Medrano Johan, Friston Karl, Zeidman Peter
The Wellcome Centre for Human Neuroimaging, UCL Queen Square Institute of Neurology, London, UK.
Netw Neurosci. 2024 Apr 1;8(1):24-43. doi: 10.1162/netn_a_00343. eCollection 2024.
A pervasive challenge in neuroscience is testing whether neuronal connectivity changes over time due to specific causes, such as stimuli, events, or clinical interventions. Recent hardware innovations and falling data storage costs enable longer, more naturalistic neuronal recordings. The implicit opportunity for understanding the self-organised brain calls for new analysis methods that link temporal scales: from the order of milliseconds over which neuronal dynamics evolve, to the order of minutes, days, or even years over which experimental observations unfold. This review article demonstrates how hierarchical generative models and Bayesian inference help to characterise neuronal activity across different time scales. Crucially, these methods go beyond describing statistical associations among observations and enable inference about underlying mechanisms. We offer an overview of fundamental concepts in state-space modeling and suggest a taxonomy for these methods. Additionally, we introduce key mathematical principles that underscore a separation of temporal scales, such as the slaving principle, and review Bayesian methods that are being used to test hypotheses about the brain with multiscale data. We hope that this review will serve as a useful primer for experimental and computational neuroscientists on the state of the art and current directions of travel in the complex systems modelling literature.

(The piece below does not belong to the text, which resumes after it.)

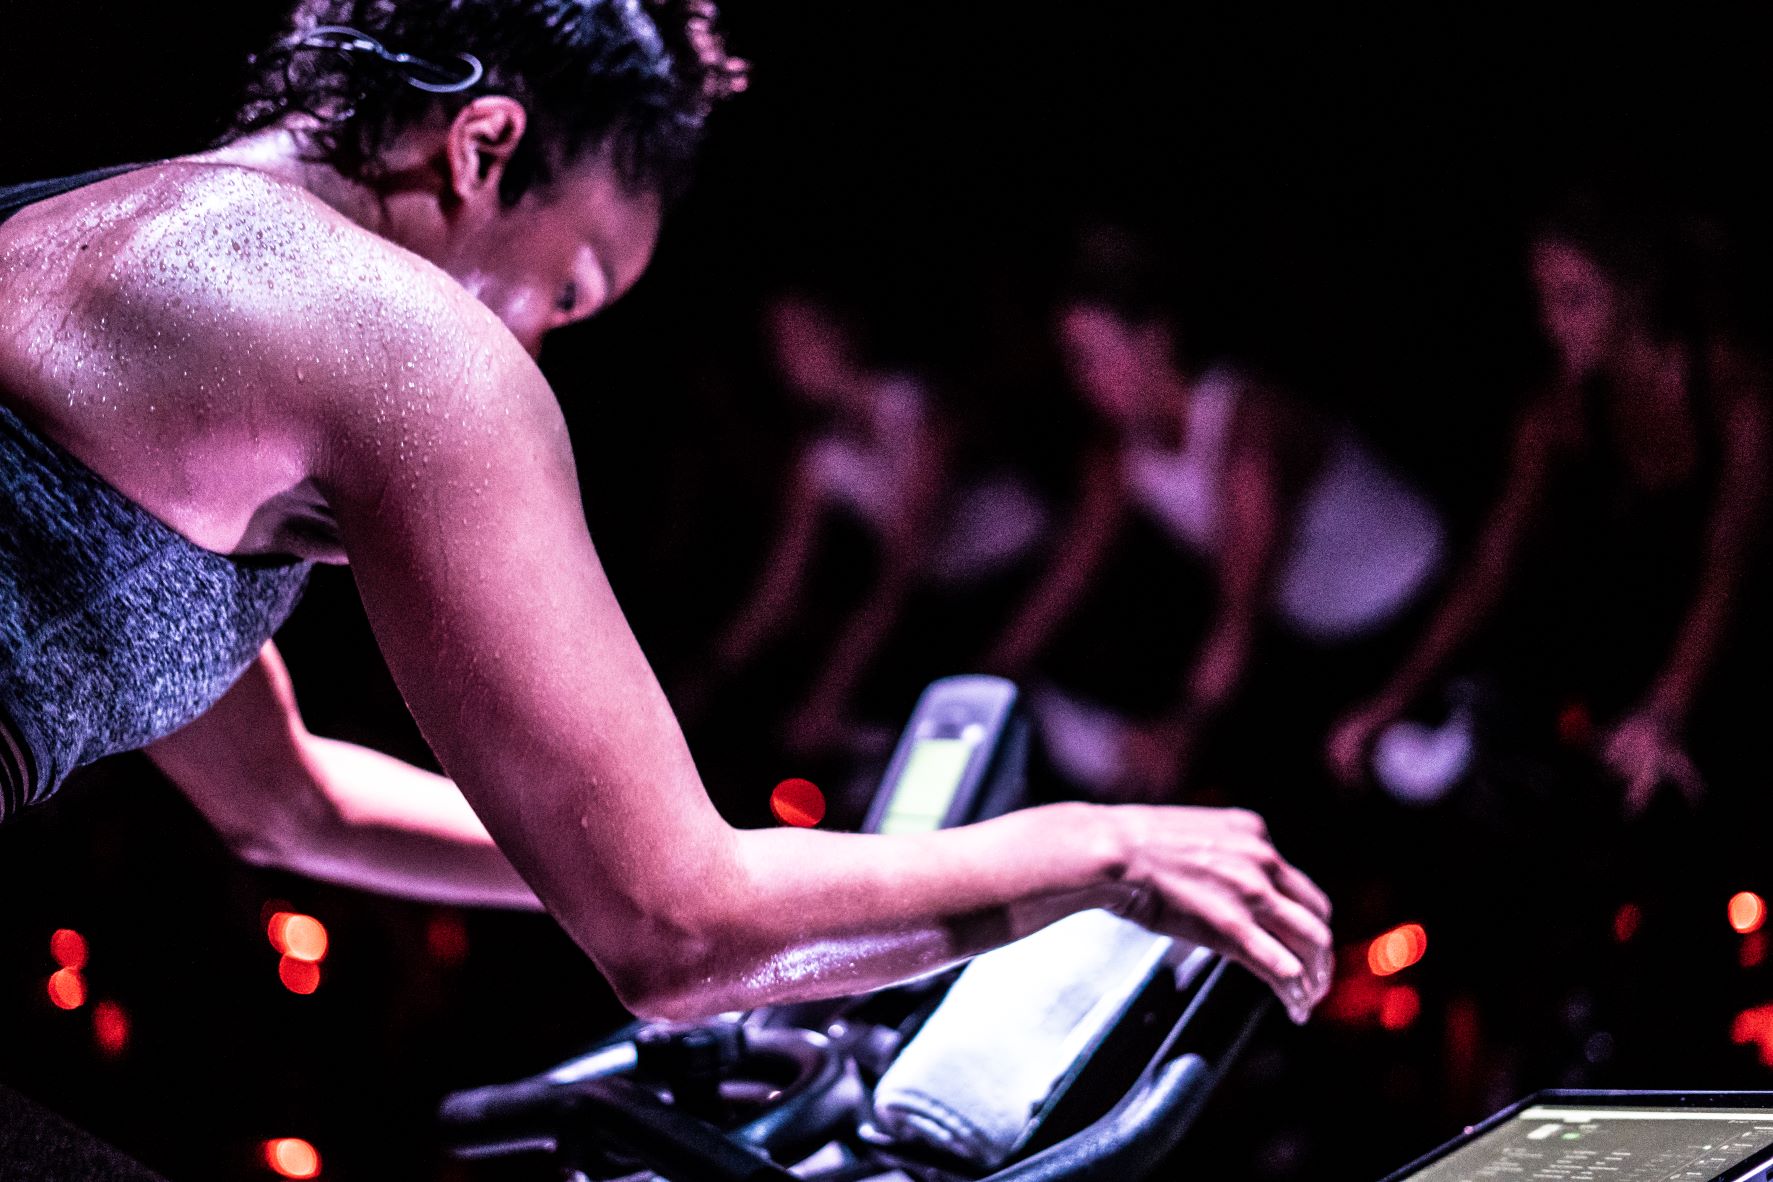 <p><span>“CYCLING INSTRUCTORS MUST BE DYNAMIC AND BE ABLE TO DELIVER NOT ONLY A GREAT WORKOUT BUT AN EXPERIENCE FOR THE RIDER,” SAys TEVIA CELLI, THE VICE PRESIDENT OF EXPERIENCE AT CYCLEBAR.</span></p>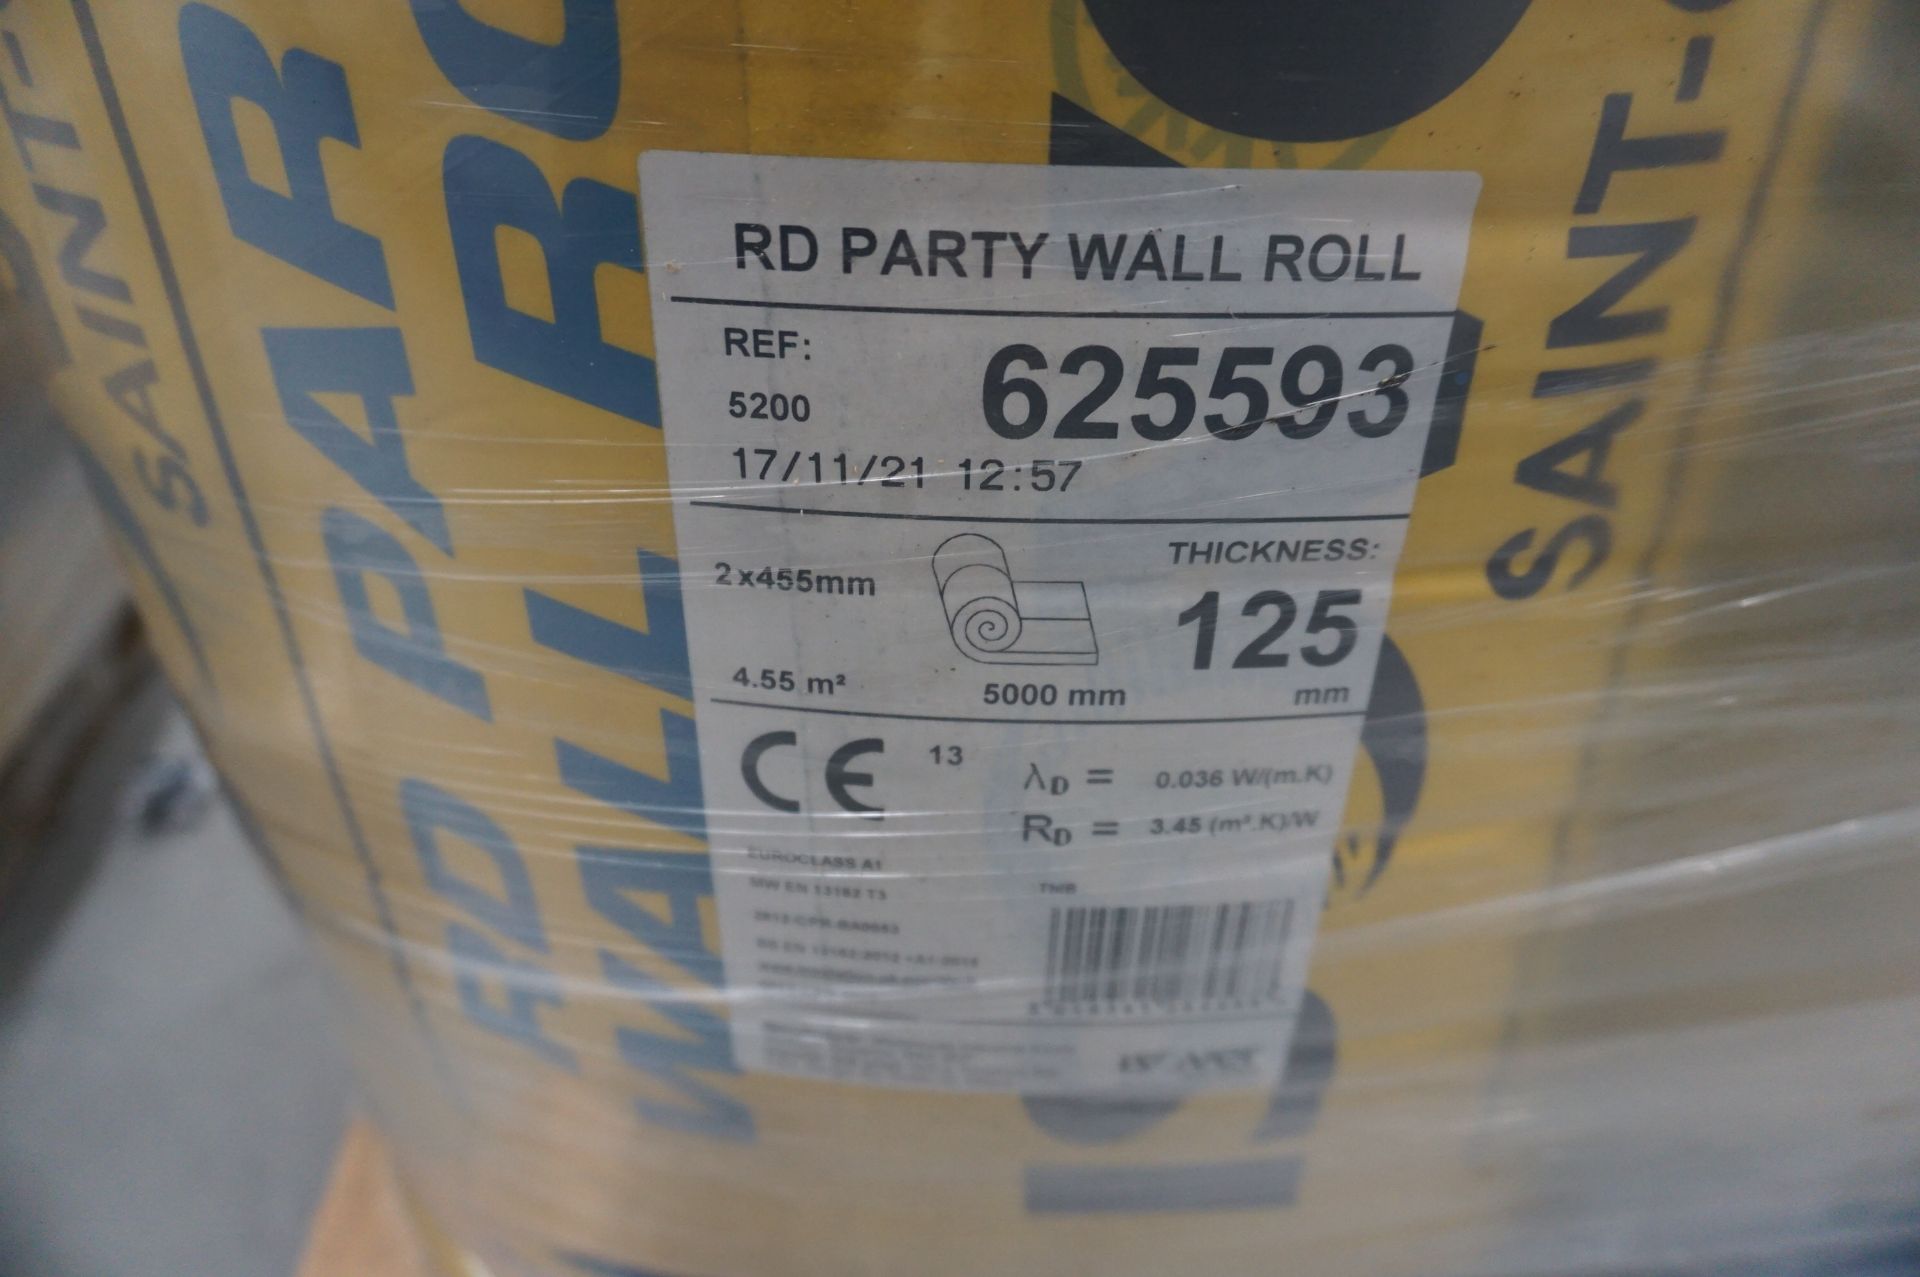 24x (no.) rolls Isover Saint Gobain, RD party wall acoustic insulation, 2x 455mm x 5000mm x 125mm ( - Image 2 of 3

神经科学中一个普遍存在的挑战是测试神经元连接是否会因特定原因(如刺激、事件或临床干预)随时间而发生变化。最近的硬件创新和数据存储成本的下降使得能够进行更长时间、更自然的神经元记录。理解自组织大脑的潜在机会需要新的分析方法来连接不同的时间尺度:从神经元动态演变的毫秒级顺序,到实验观察展开的分钟级、天级甚至年级顺序。这篇综述文章展示了分层生成模型和贝叶斯推理如何有助于刻画不同时间尺度上的神经元活动。至关重要的是,这些方法不仅描述观察结果之间的统计关联,还能对潜在机制进行推断。我们概述了状态空间建模中的基本概念,并为这些方法提出了一种分类法。此外,我们介绍了强调时间尺度分离的关键数学原理,如役使原理,并回顾了用于通过多尺度数据检验关于大脑假设的贝叶斯方法。我们希望这篇综述能为实验神经科学家和计算神经科学家提供一份有用的入门指南,介绍复杂系统建模文献的现状和当前发展方向。